Internet ha cambiato il nostro mondo e le nostre modalità di comunicazione. La carta è finita nei bauli in soffitta e ha ceduto il posto ai meno ingombranti supporti digitali. I quotidiani vengono letti online dal proprio PC, tablet o smartphone, ed anche la televisione ha perso il proprio appeal. Il mondo della pubblicità non poteva restare ancorato ai vecchi canali di comunicazione e si è quindi adeguato. Le aziende oggi utilizzano il web per la propria pubblicità, sfruttando ogni minima opportunità che questo offre. I responsabili marketing si sono trovati ad affrontare nuove sfide che richiedevano nuovi approcci ed una mentalità aperta.

Adwords

 

Google AdWords è uno degli strumenti di marketing più utilizzati sul web. I copywriter hanno dovuto adattarsi velocemente alla nuova tipologia di scrittura ed imparare le nuove regole del gioco.
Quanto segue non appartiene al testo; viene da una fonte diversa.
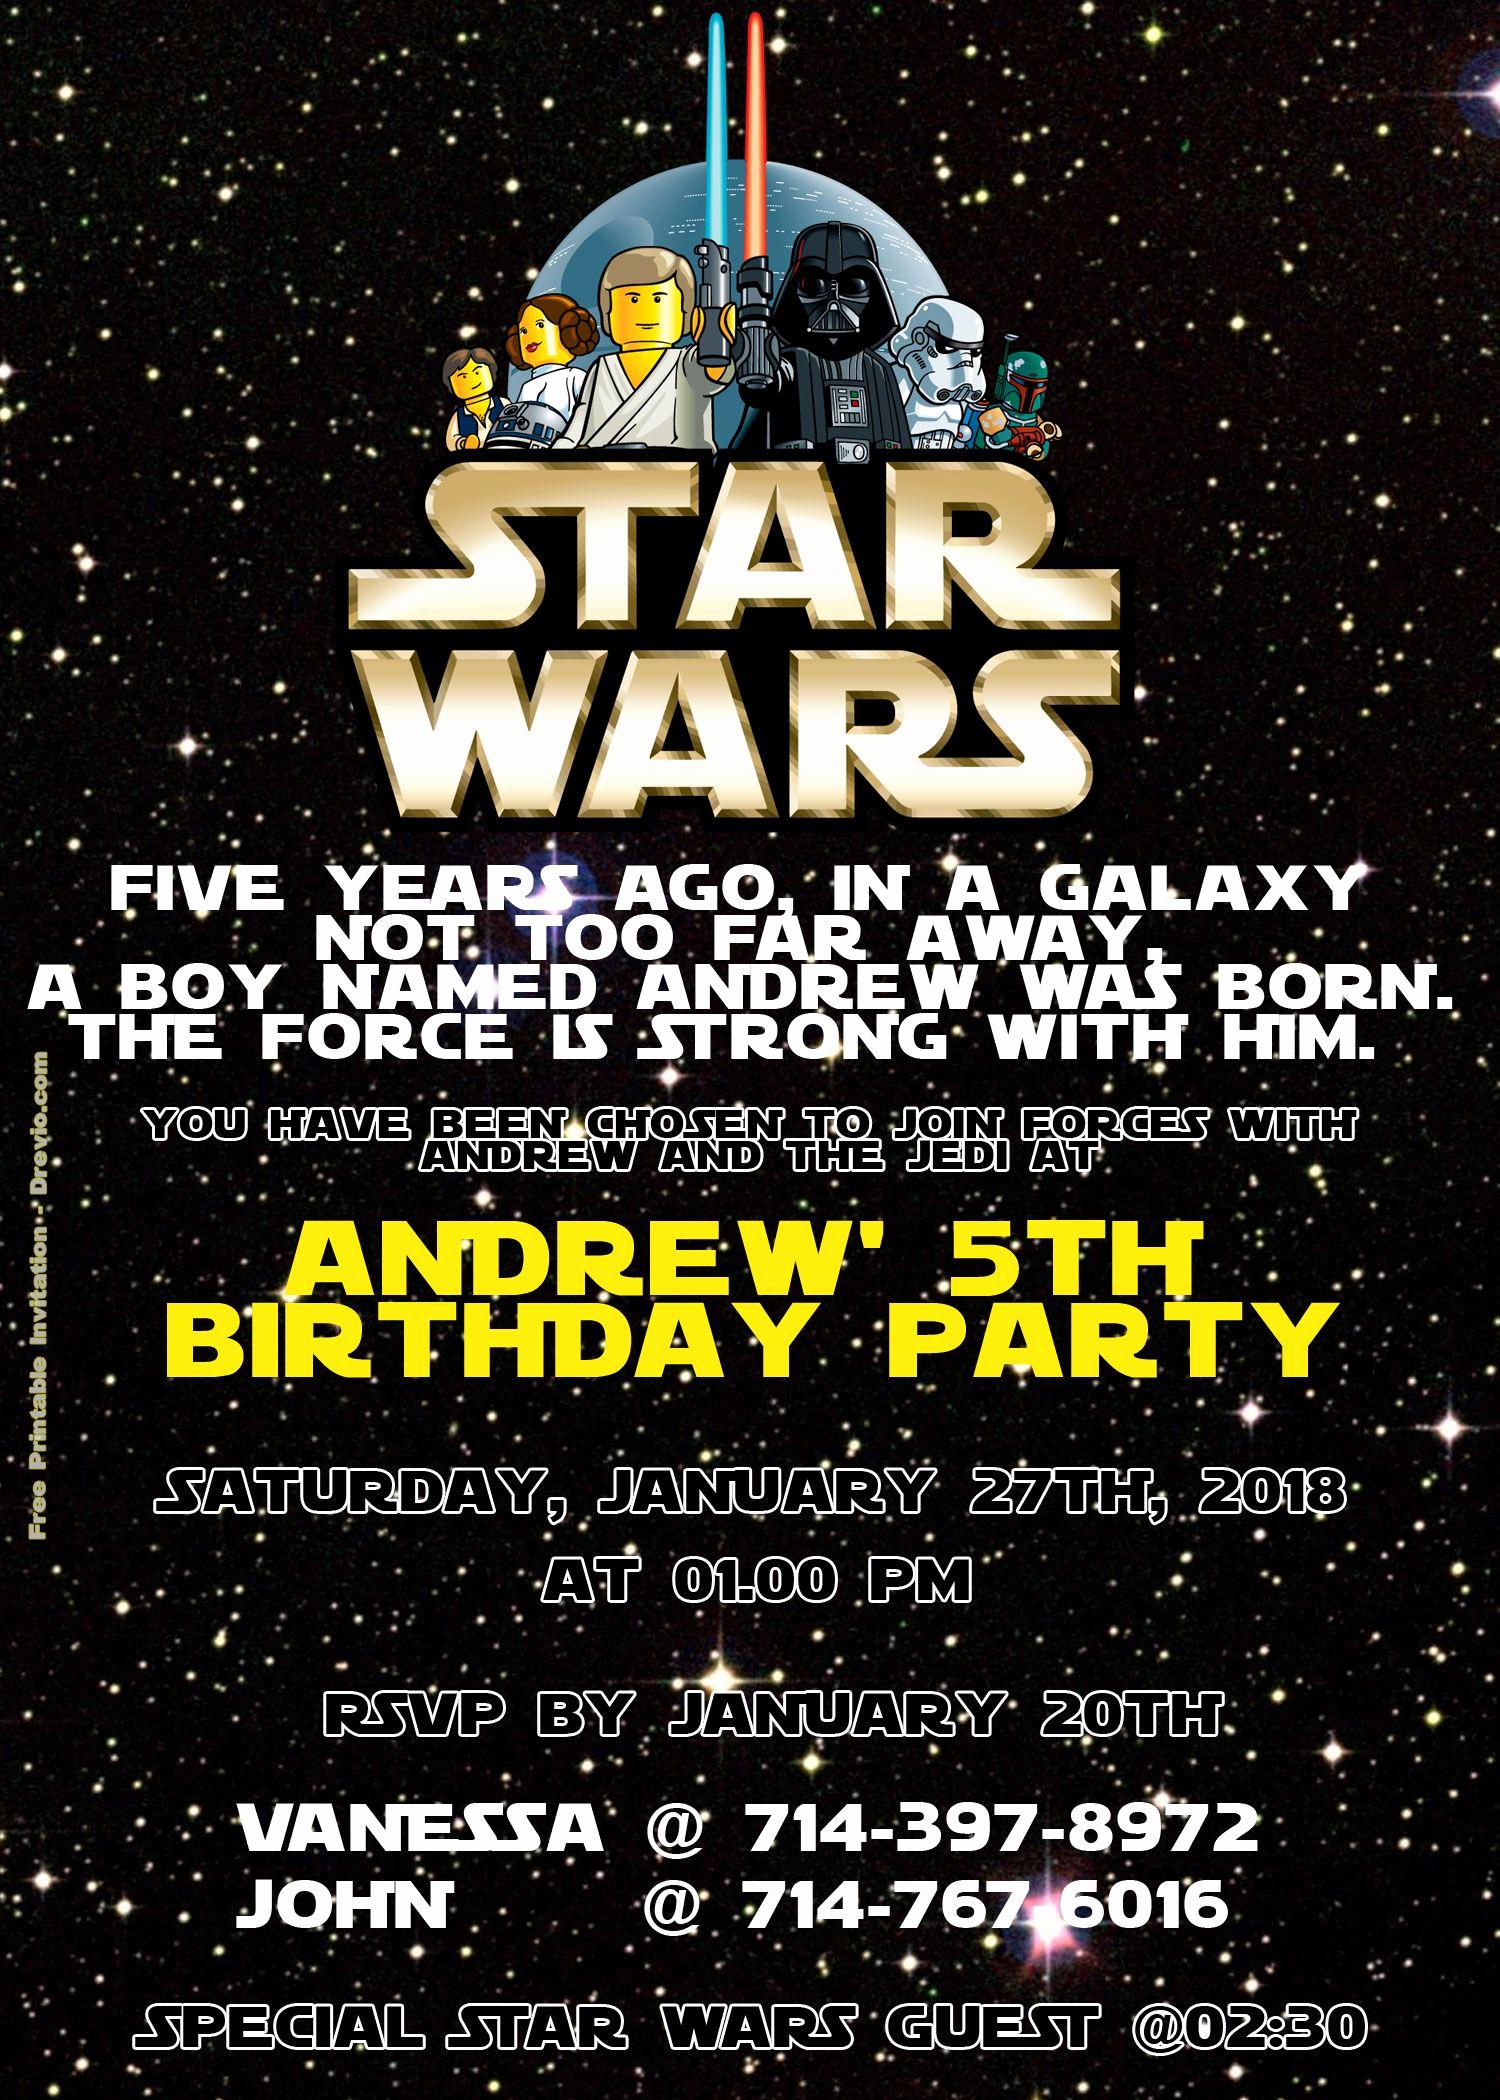 Star Wars Birthday Invitation Template New Free Lego Star Wars Birthday Invitation Psd

Come sempre è fondamentale creare un testo che catturi l’attenzione di persone potenzialmente interessate al prodotto o al servizio che si sta pubblicizzando. Se si stanno scrivendo annunci per Google AdWords questo aspetto è ancora più importante perché se da un lato bisogna stimolare chi legge l’annuncio a cliccare sullo stesso, dall’altro i click costano e per evitare costi inutili è necessario che chi clicca sia davvero interessato al prodotto o al servizio. Il primo passo, quindi, è individuare chi sono i potenziali clienti.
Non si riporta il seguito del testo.